Information shown:
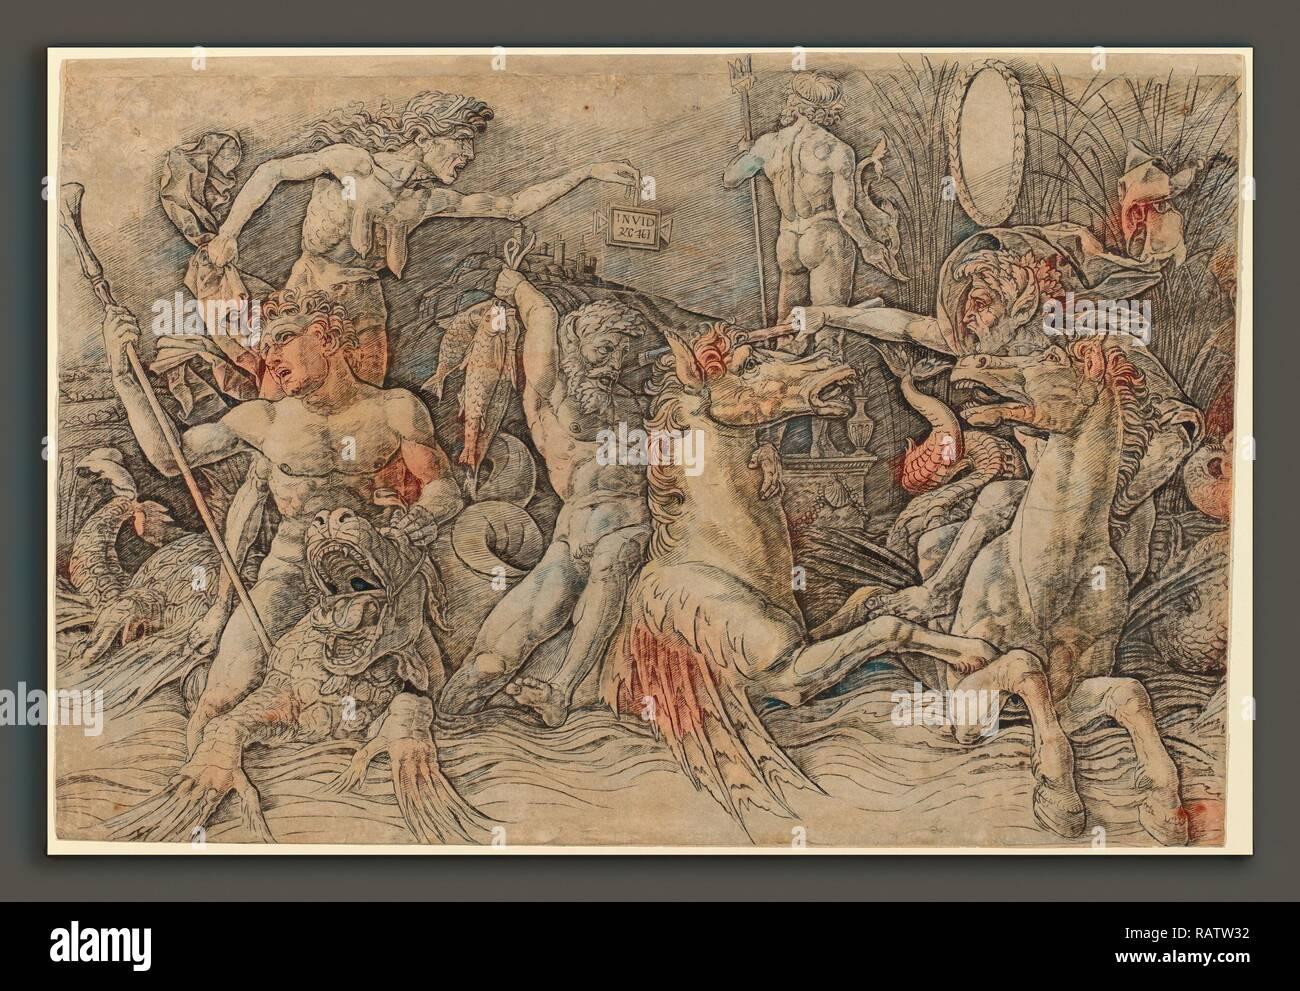 Andrea Mantegna (Italian, c. 1431 - 1506), Battle of the Sea Gods [left half], c. 1485-1488, engraving. Reimagined - Stock Image
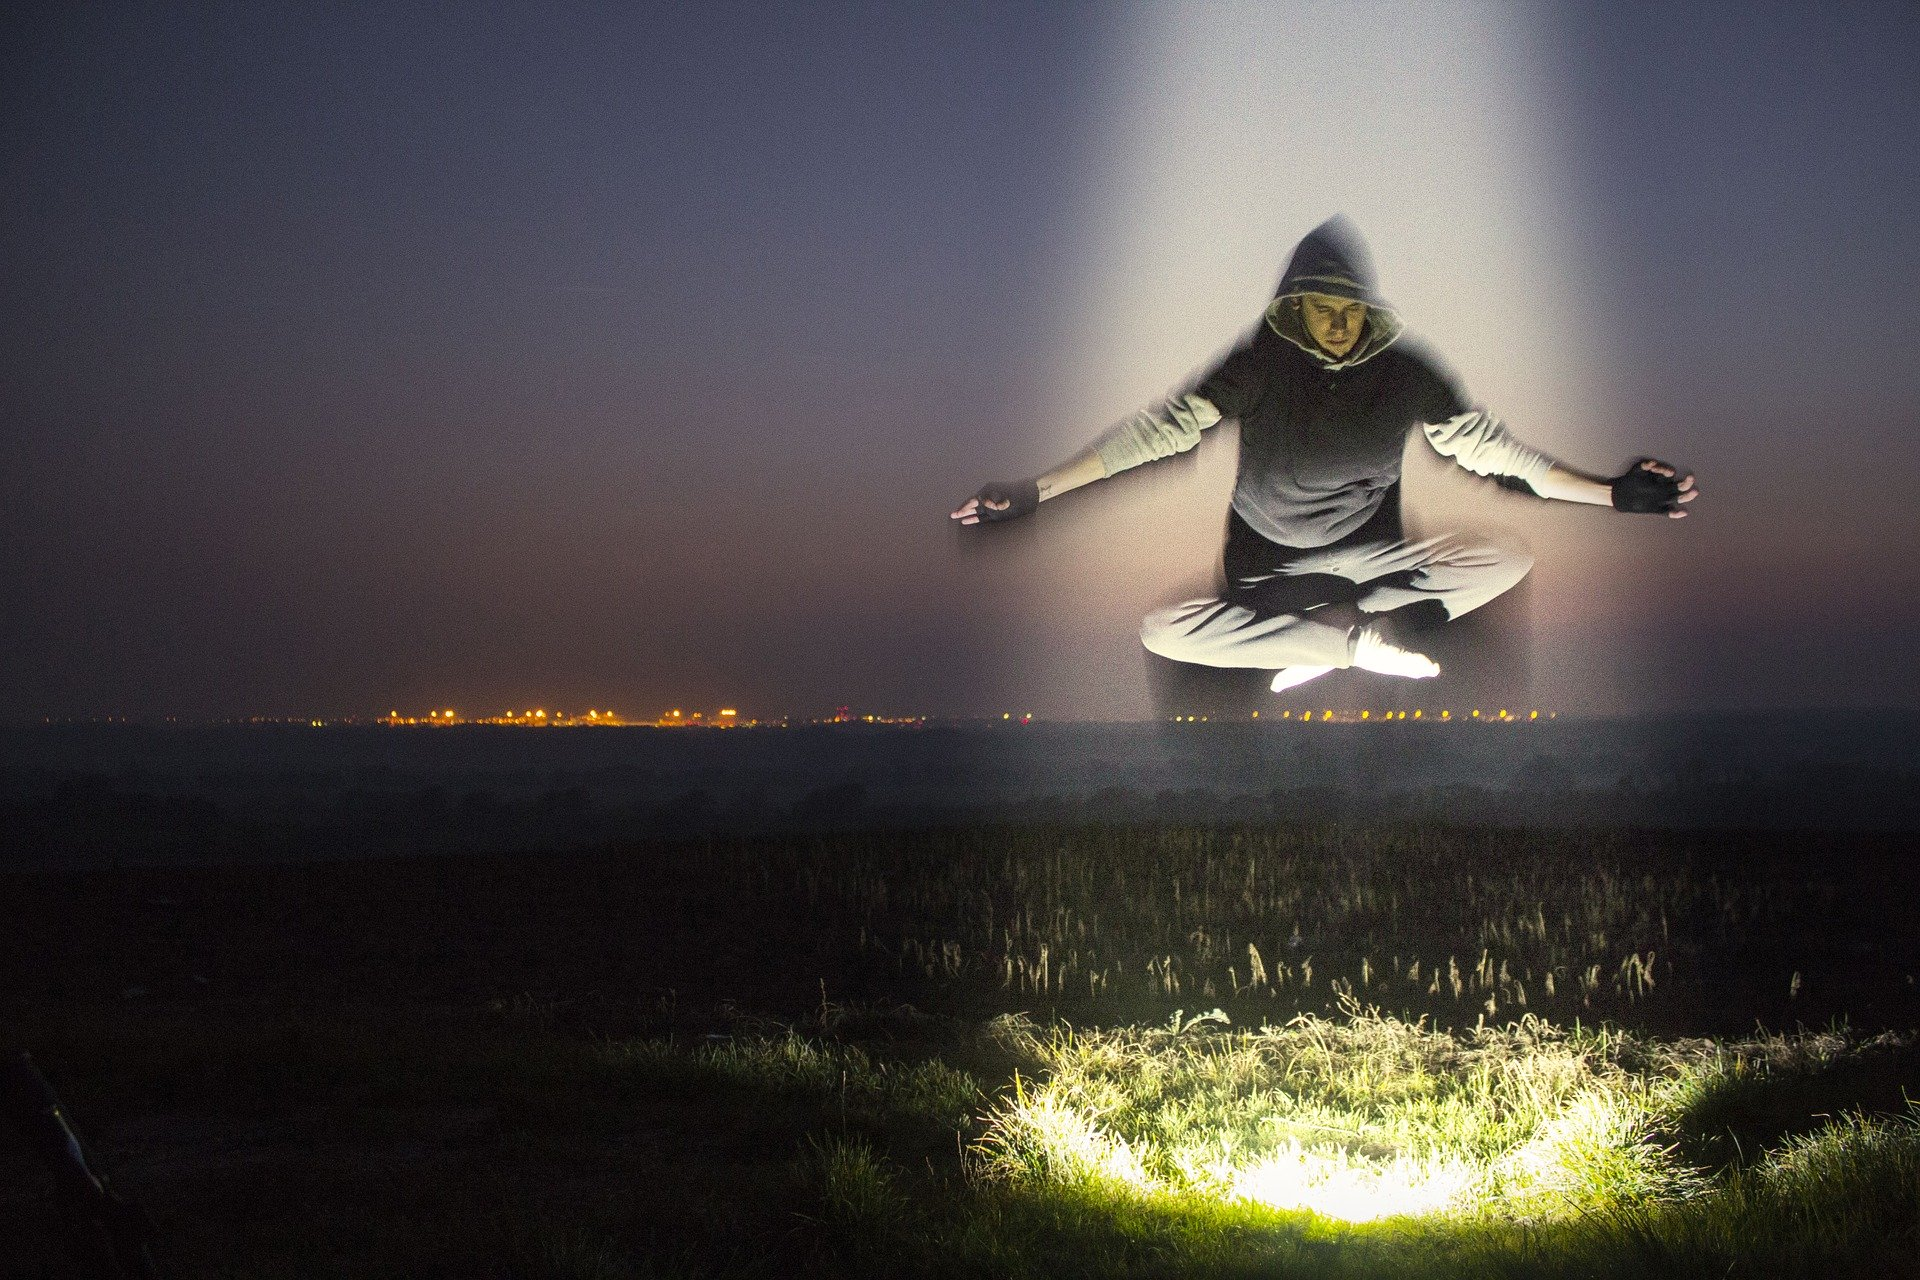 meditation-levitation - Image by Benjamin Balazs from Pixabay
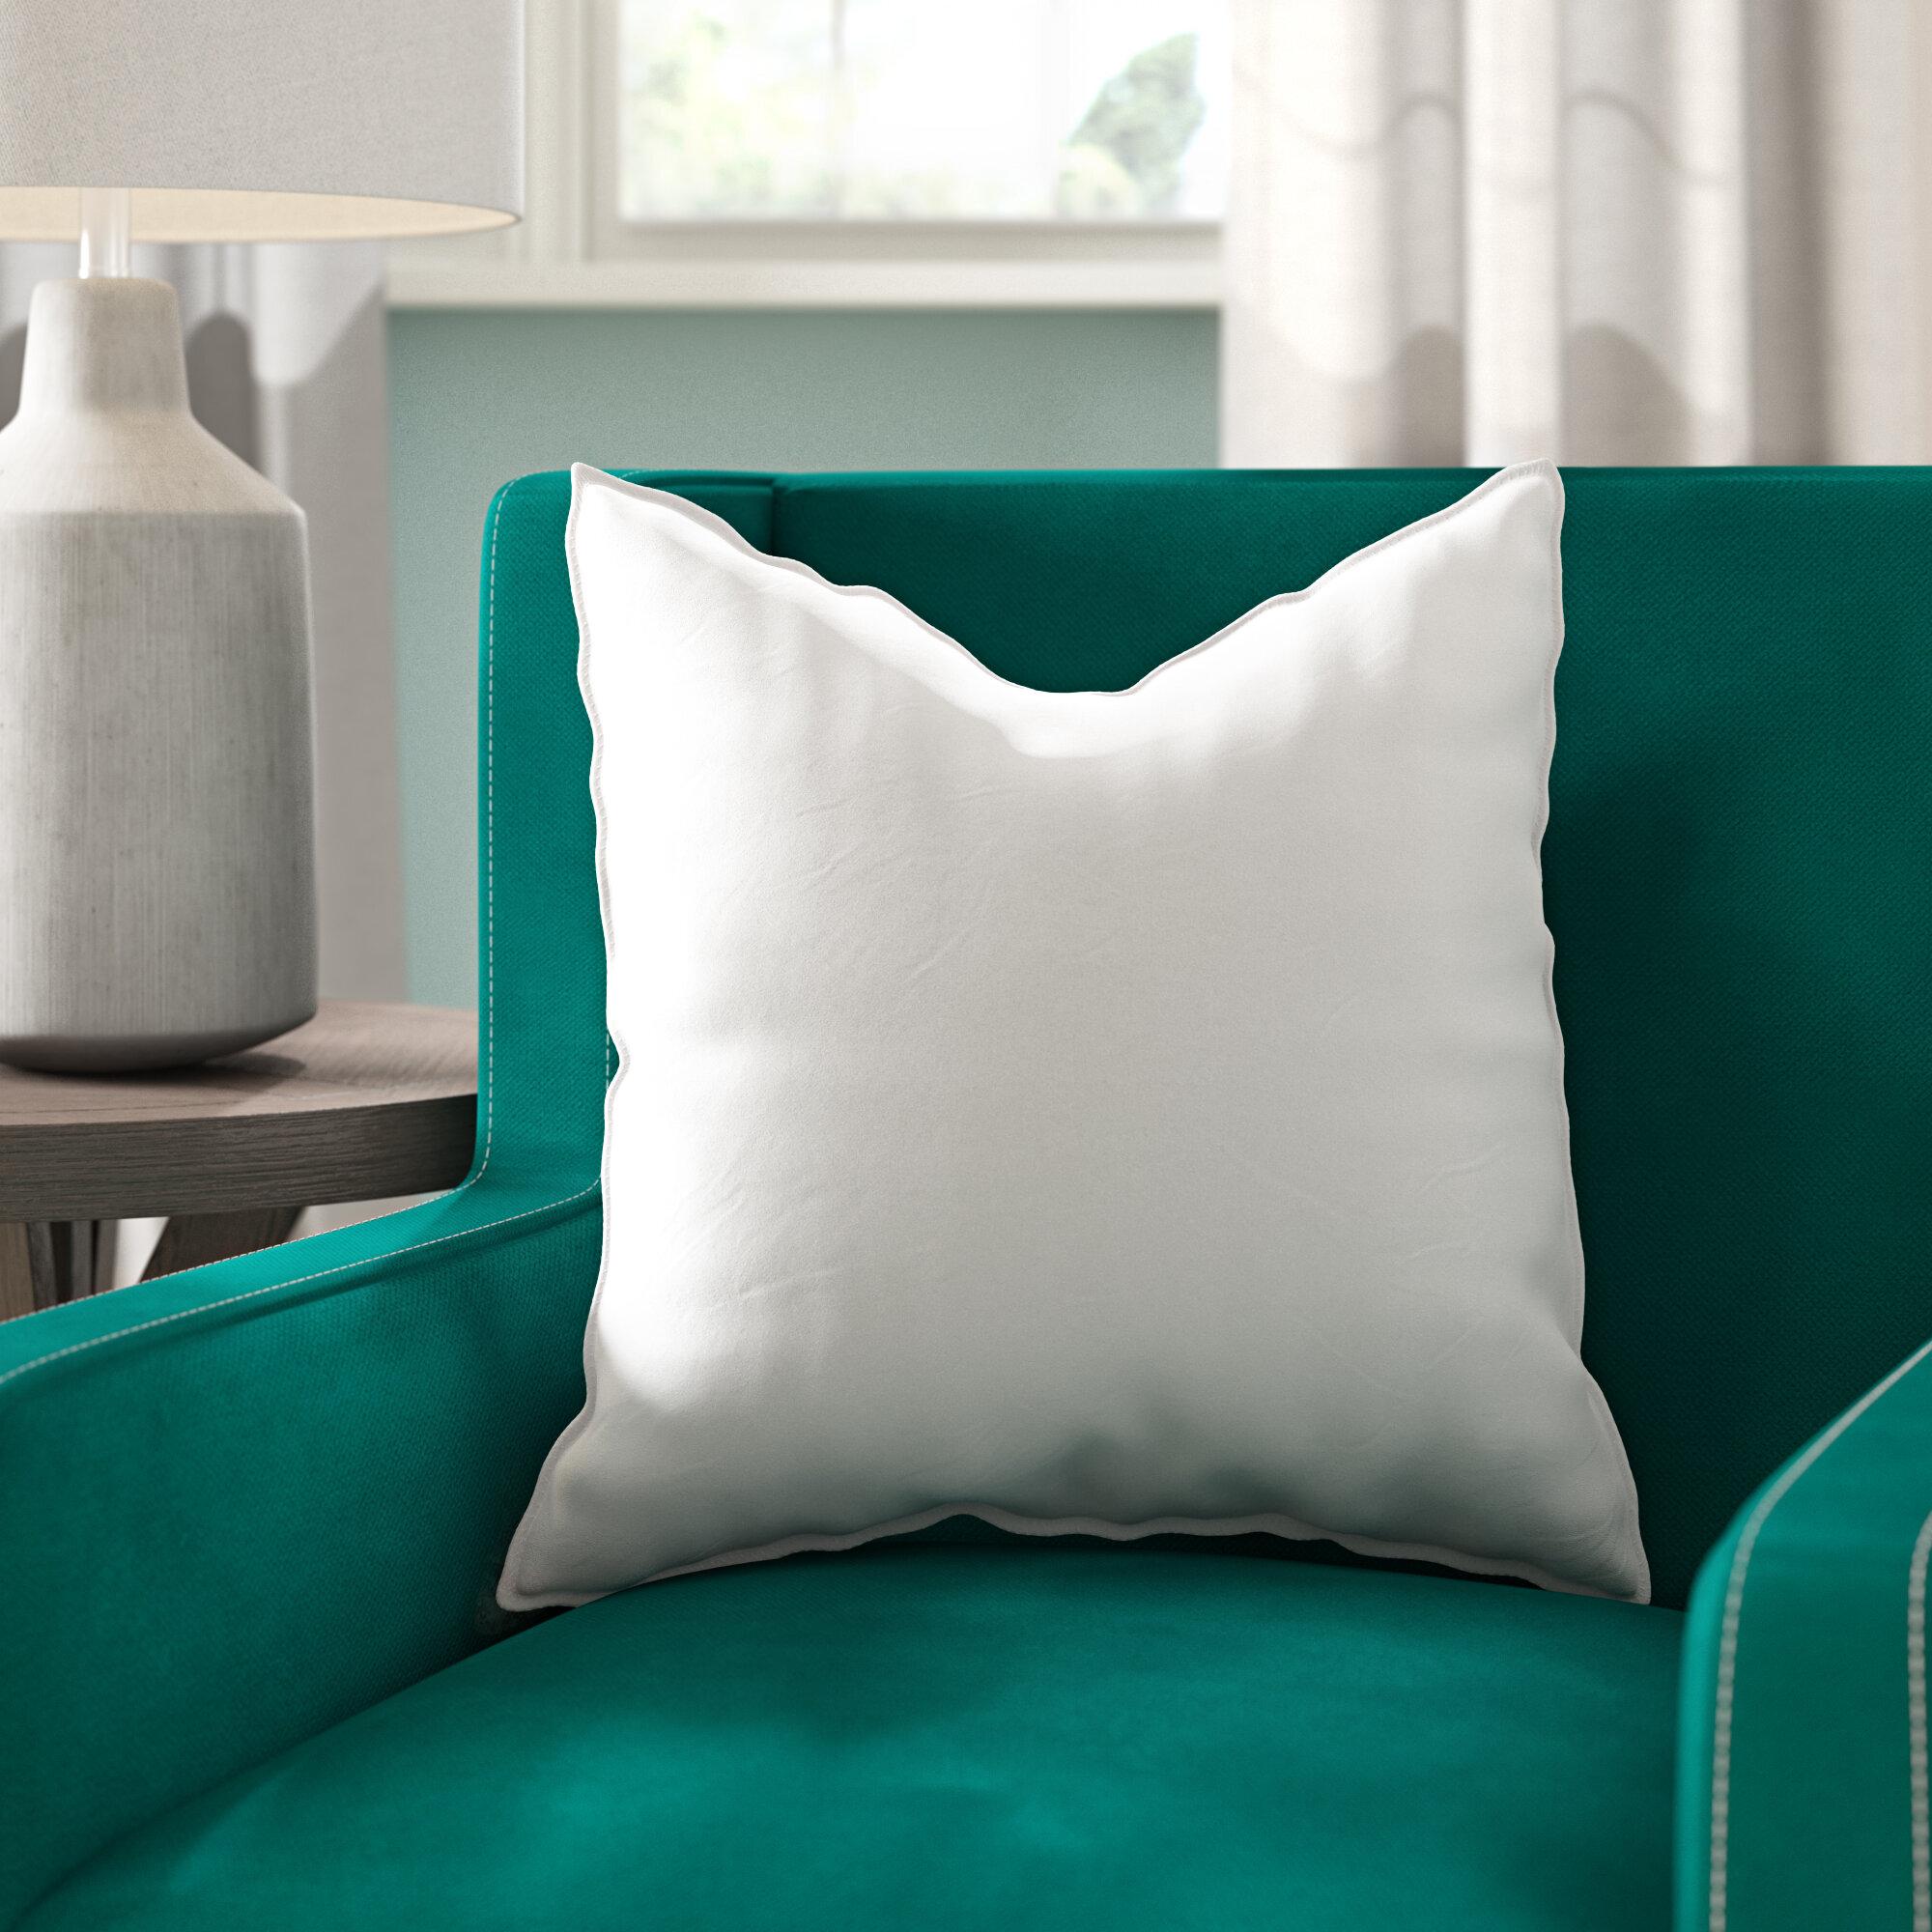 18 Square Throw Pillows Free Shipping Over 35 Wayfair

Task to carry out: Please set down each line of the data above exactly as written, without the pictures.

Task solution:
 Andrea Mantegna (Italian, c. 1431 - 1506), Battle of the Sea Gods [left half], c. 1485-1488, engraving. Reimagined - Stock Image
 meditation-levitation - Image by Benjamin Balazs from Pixabay
 18 Square Throw Pillows Free Shipping Over 35 Wayfair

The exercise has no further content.